(Description of the task) Beginning with the line that holds "Kuwait Airways 9K-APA aircraft at Frankfurt" and finishing with the line that holds "Dabbing Soccer Snowman", repeat the listing exactly, leaving every picture out.
Records for this task START
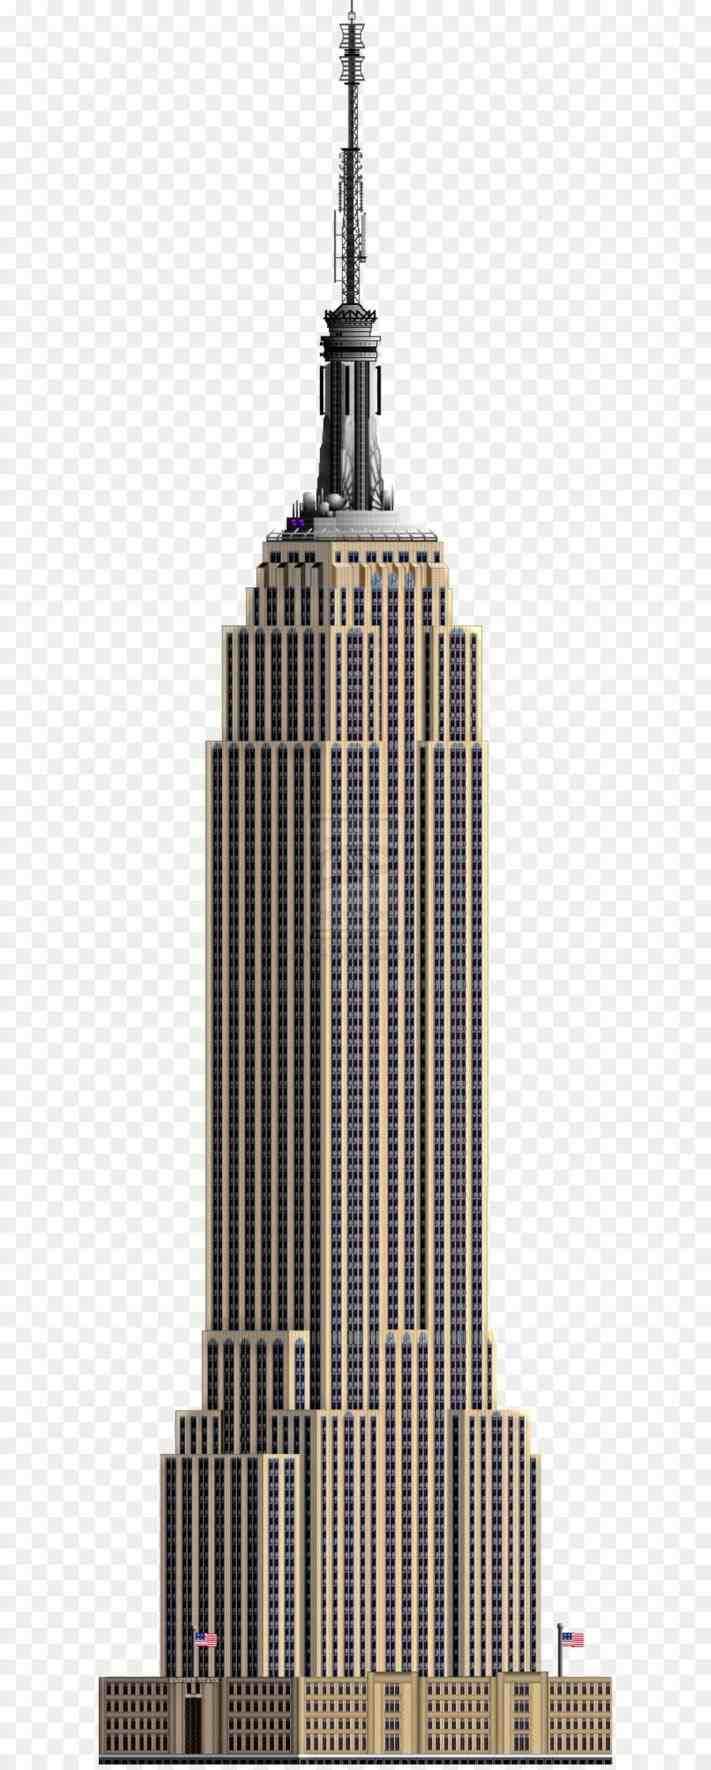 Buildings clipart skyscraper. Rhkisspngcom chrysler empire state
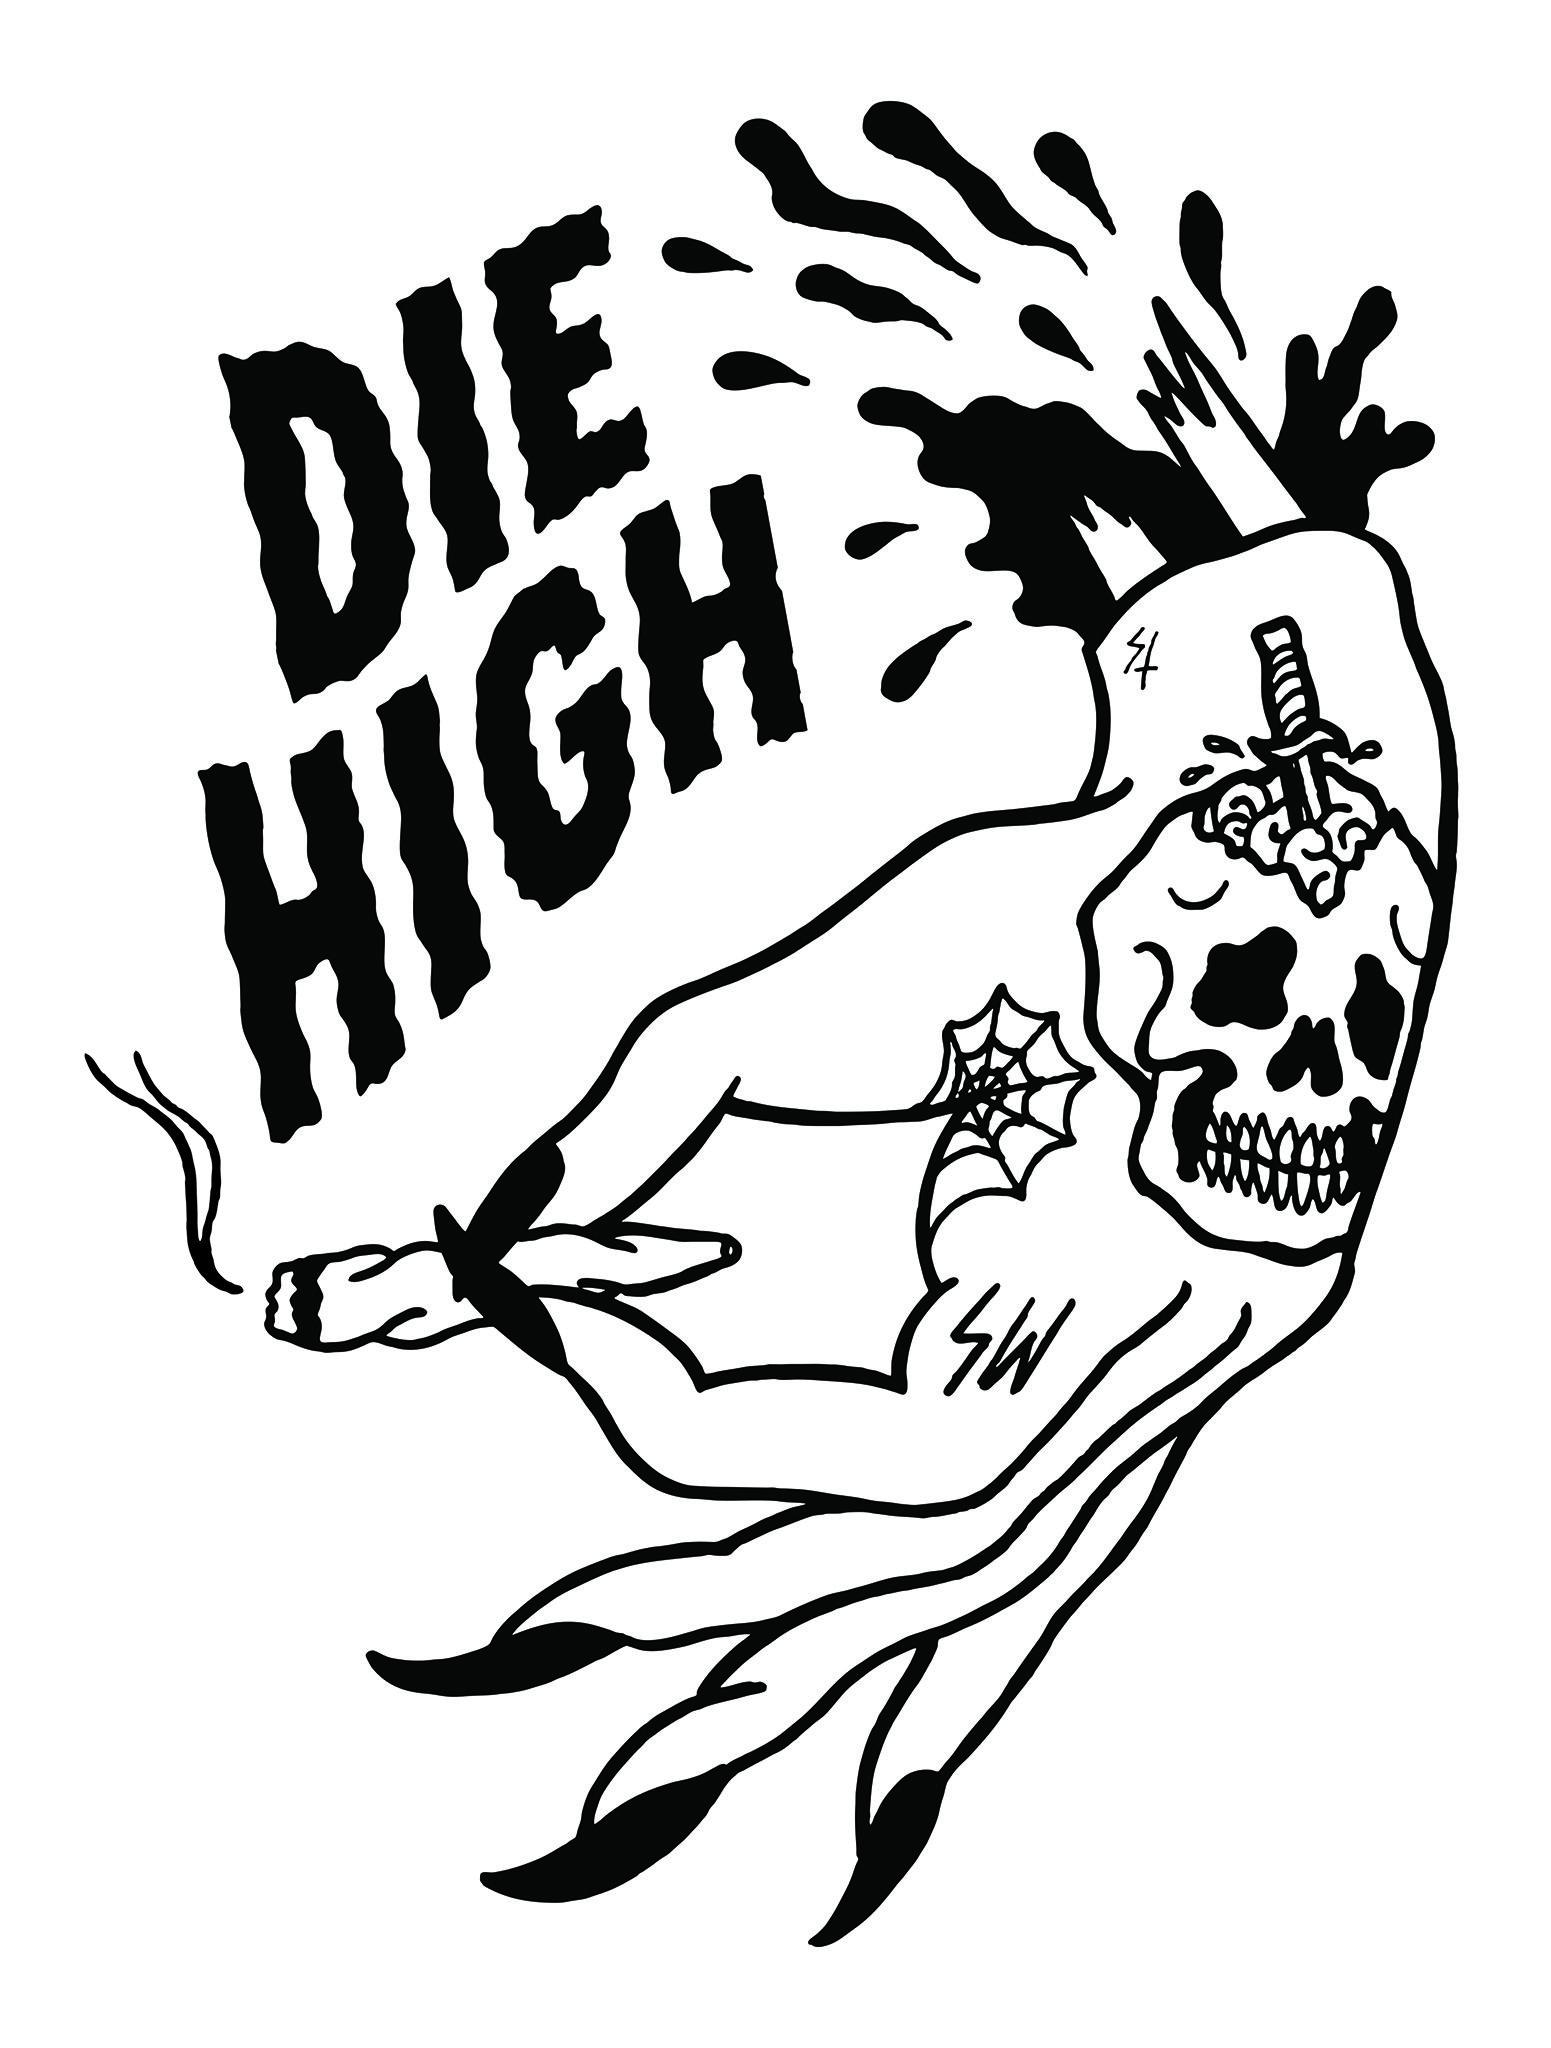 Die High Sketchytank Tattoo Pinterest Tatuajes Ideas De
Records for this task END
Records for this task START
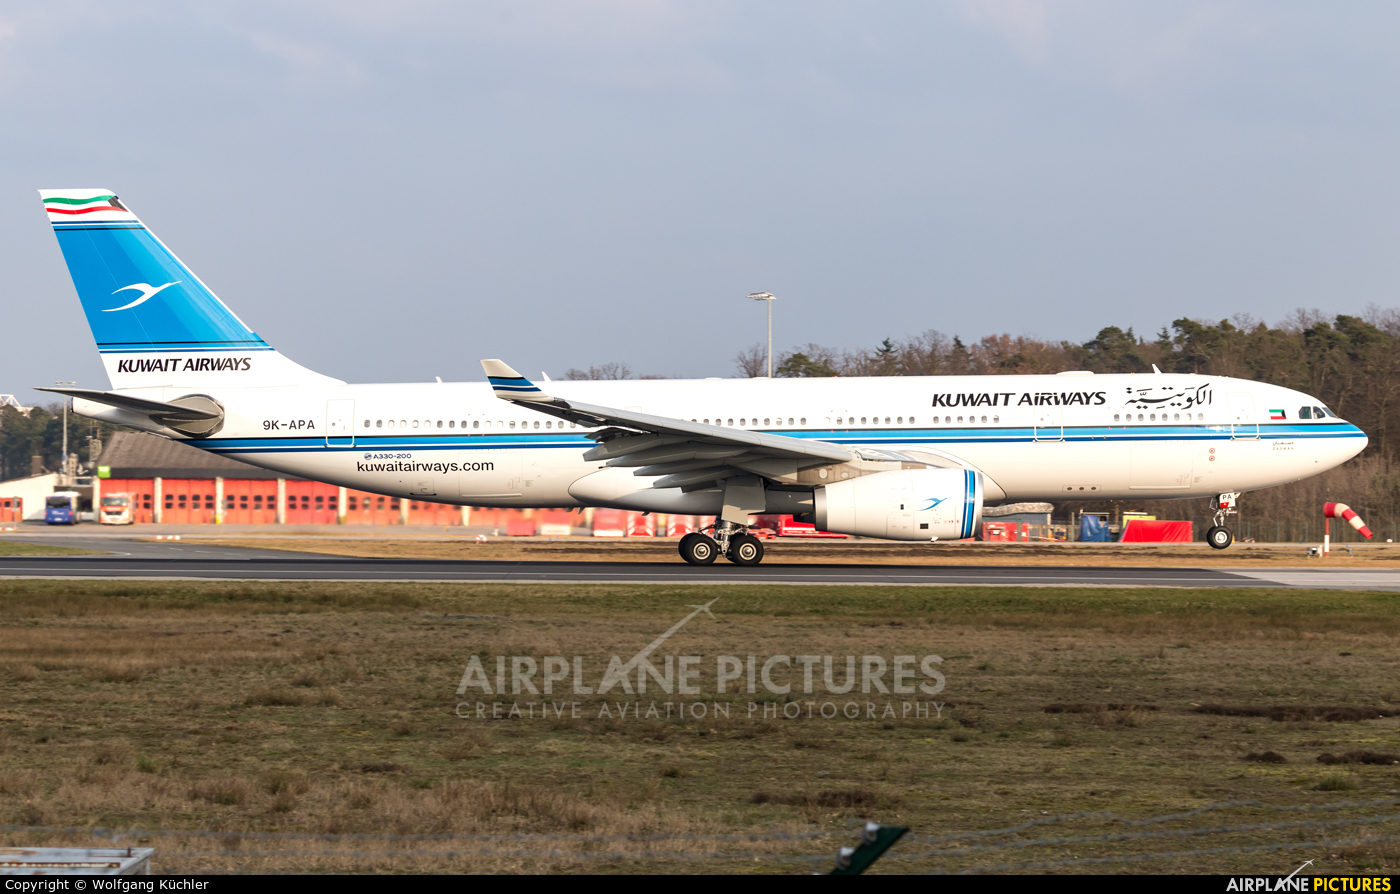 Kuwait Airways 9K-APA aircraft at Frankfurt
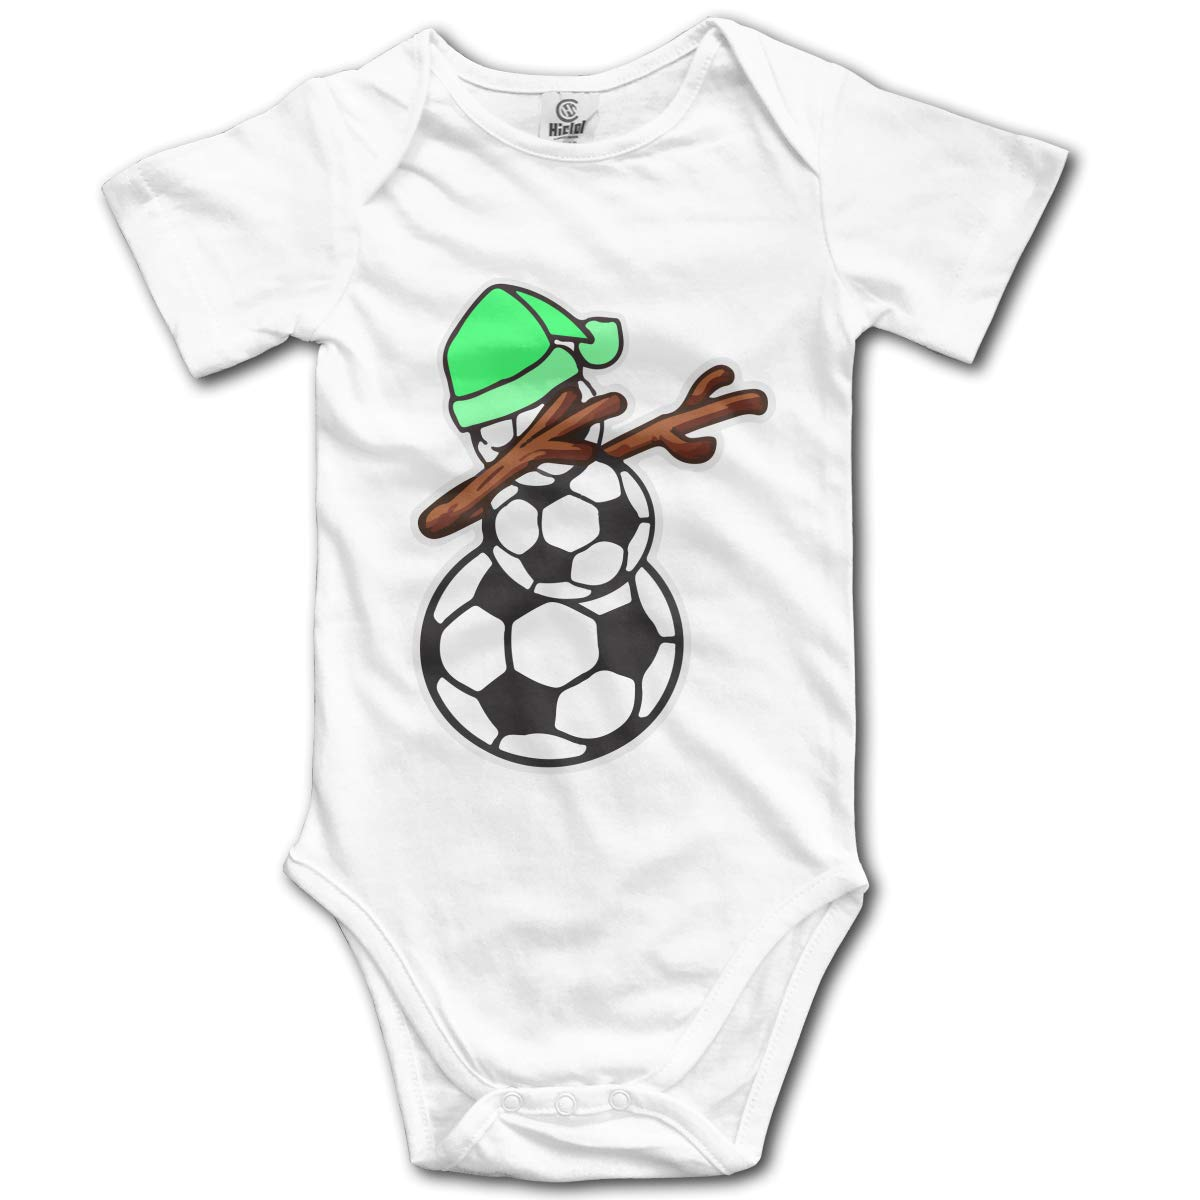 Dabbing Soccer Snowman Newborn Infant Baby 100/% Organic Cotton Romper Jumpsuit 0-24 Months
Records for this task END
Records for this task START
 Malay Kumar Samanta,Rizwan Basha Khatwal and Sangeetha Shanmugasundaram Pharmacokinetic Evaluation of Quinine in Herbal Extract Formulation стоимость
Records for this task END
(Exercise output)
 Kuwait Airways 9K-APA aircraft at Frankfurt
 Dabbing Soccer Snowman Newborn Infant Baby 100/% Organic Cotton Romper Jumpsuit 0-24 Months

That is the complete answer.